L'Iran intensifie le conflit en menaçant les artères de données sous-marines
Le 28 mars 2026, le Corps des Gardiens de la Révolution islamique (IRGC) d'Iran a émis un avertissement direct contre les réseaux de câbles internet sous-marins dans le détroit d'Ormuz et la mer Rouge, ouvrant un nouveau front dans son conflit avec Israël et l'Occident. Cette menace cible l'infrastructure fondamentale de l'économie numérique mondiale, étendant la crise au-delà des voies maritimes physiques. Cette escalade fait suite à la fermeture effective du détroit d'Ormuz, un point d'étranglement pour 20 % de l'approvisionnement mondial en pétrole et en GNL, ce qui a déjà poussé les prix du brut Brent à la hausse de 4,2 %, à 104,21 dollars le baril. En menaçant les câbles qui transportent environ 95 % des données mondiales, Téhéran utilise un nouveau point de pression avec des conséquences potentiellement graves pour les marchés financiers internationaux et les opérations commerciales.

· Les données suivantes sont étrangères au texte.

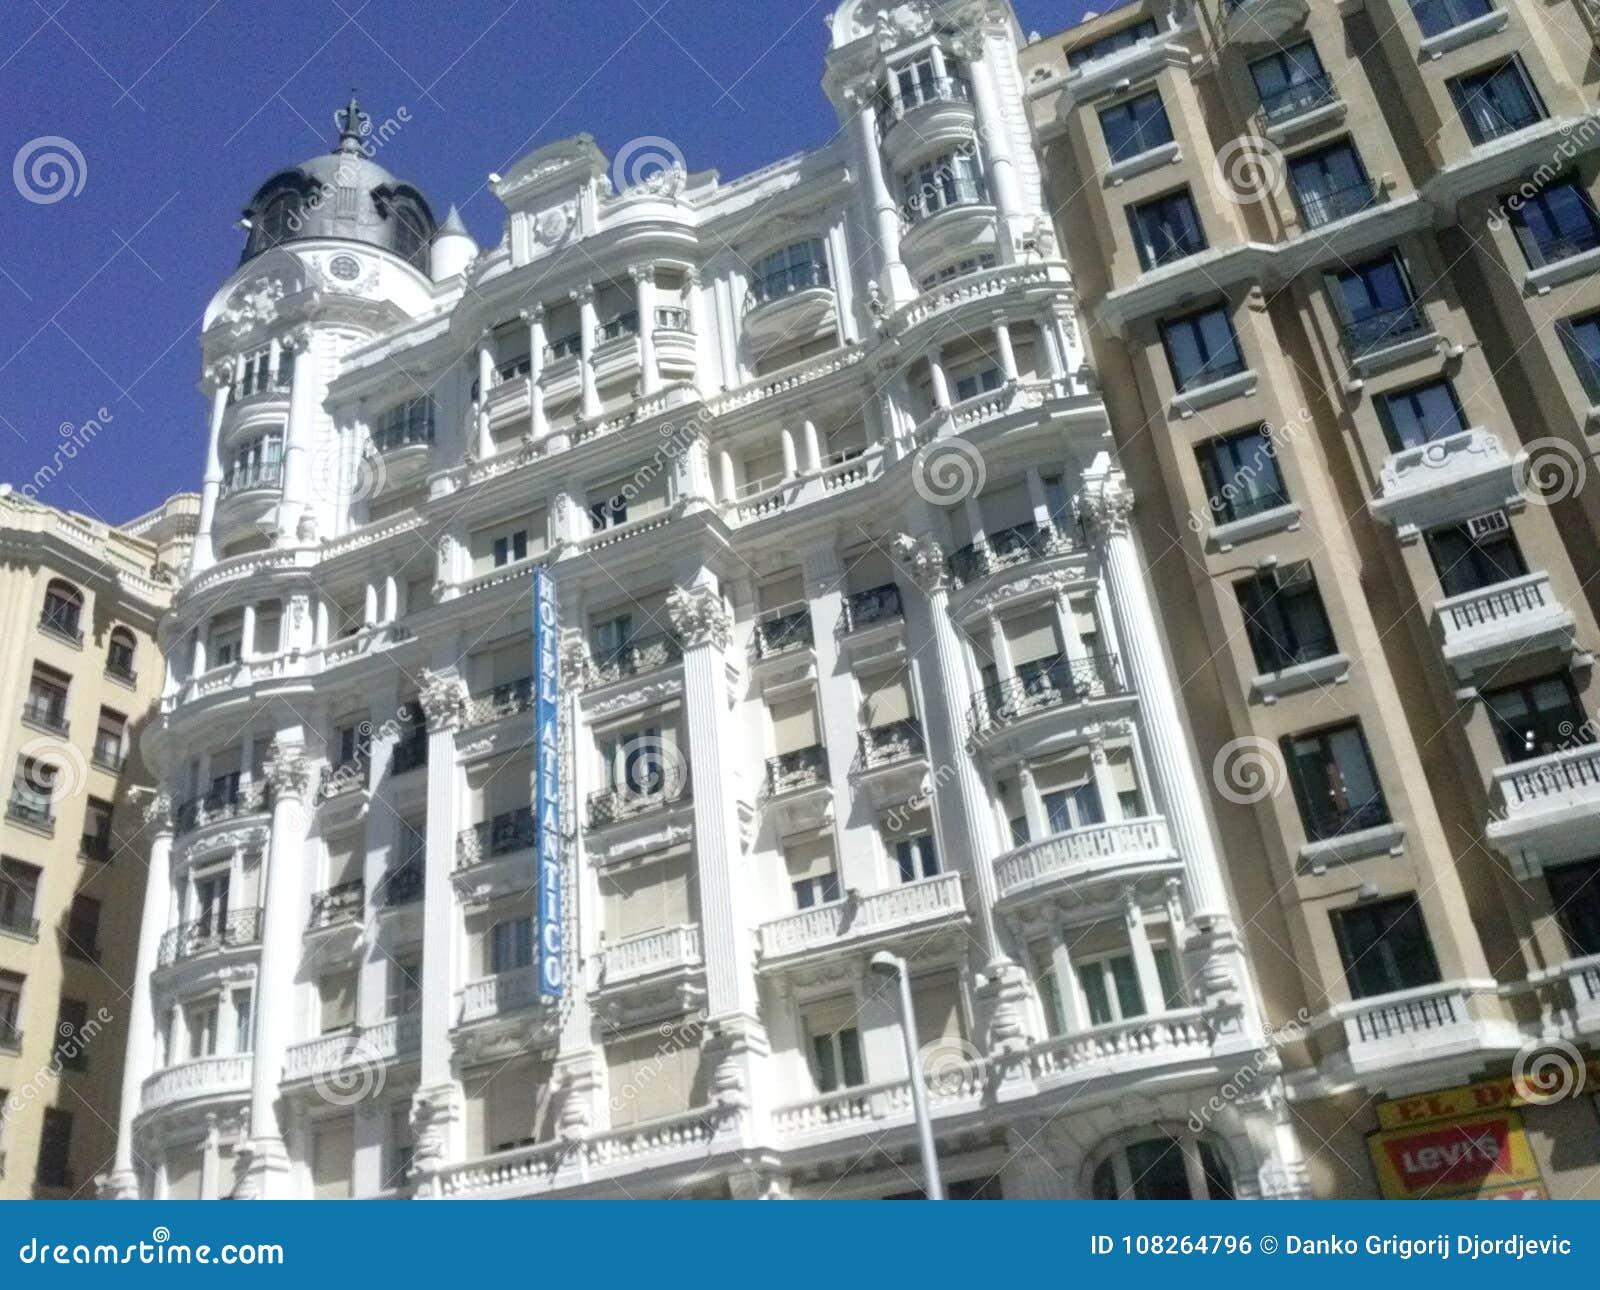 Architectonic building in Center of Madrid, Espana
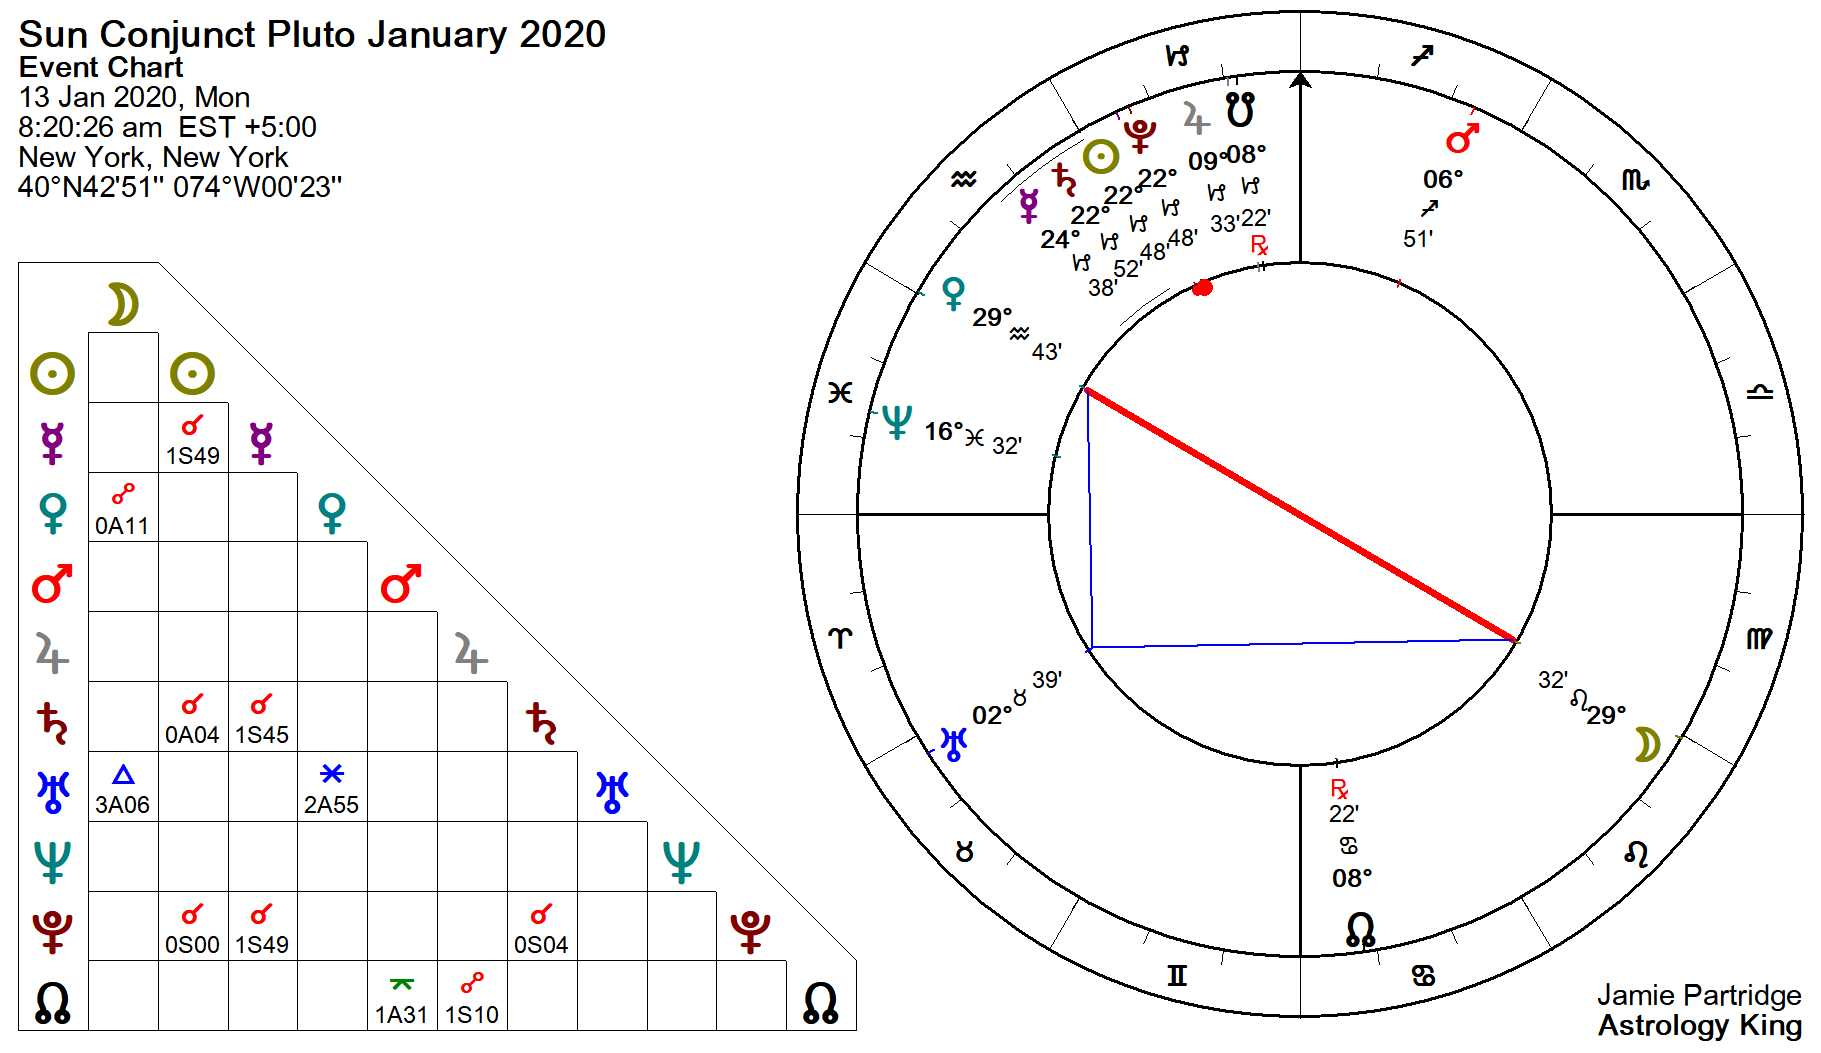 Sun Conjunct Pluto January 13, 2020 – Astrology King

Des projets de câbles majeurs de plusieurs milliards de dollars face à des retards indéfinis
La menace de l'IRGC a immobilisé des projets d'infrastructure critiques. Le système de câbles 2Africa Pearls, dirigé par Meta, un projet massif conçu pour relier l'Inde à l'Europe via le Moyen-Orient, a été effectivement suspendu après que le constructeur de réseaux Alcatel Submarine Networks ait déclaré un cas de force majeure. Cela repousse indéfiniment le lancement prévu du projet en 2026. De même, le câble SEA-ME-WE 6 (SMW6), un lien vital de nouvelle génération pour le trafic Asie-Europe, est confronté à une profonde incertitude. Le conflit a rendu le golfe Persique et la mer Rouge des zones interdites aux navires de réparation, gelant la maintenance et bloquant les pannes existantes dues à des coupures de câbles antérieures près de Djeddah. Cela laisse des systèmes critiques comme SEA-ME-WE 4 et I-ME-WE d'Airtel fonctionner à capacité réduite.
Les goulots d'étranglement numériques créent de nouveaux risques pour l'économie mondiale
La perturbation simultanée de ces deux corridors vitaux crée un double risque de réduction de la bande passante et d'augmentation de la latence pour le trafic de données entre l'Europe et l'Asie. La situation a incité le ministère indien des Télécommunications à exiger des plans d'urgence de la part des opérateurs, qui font face à des impacts sur tout, des transactions financières et du commerce électronique aux performances des services cloud et des charges de travail d'IA. Cette vulnérabilité numérique est aggravée par la concentration physique des stations d'atterrissage de câbles dans des villes comme Mumbai, créant des points de défaillance uniques. Bien que les entreprises technologiques explorent des alternatives à long terme comme les routes terrestres eurasiennes et arctiques, celles-ci sont à des années d'opération, laissant l'économie mondiale exposée à un déficit de capacité et de résilience à court terme.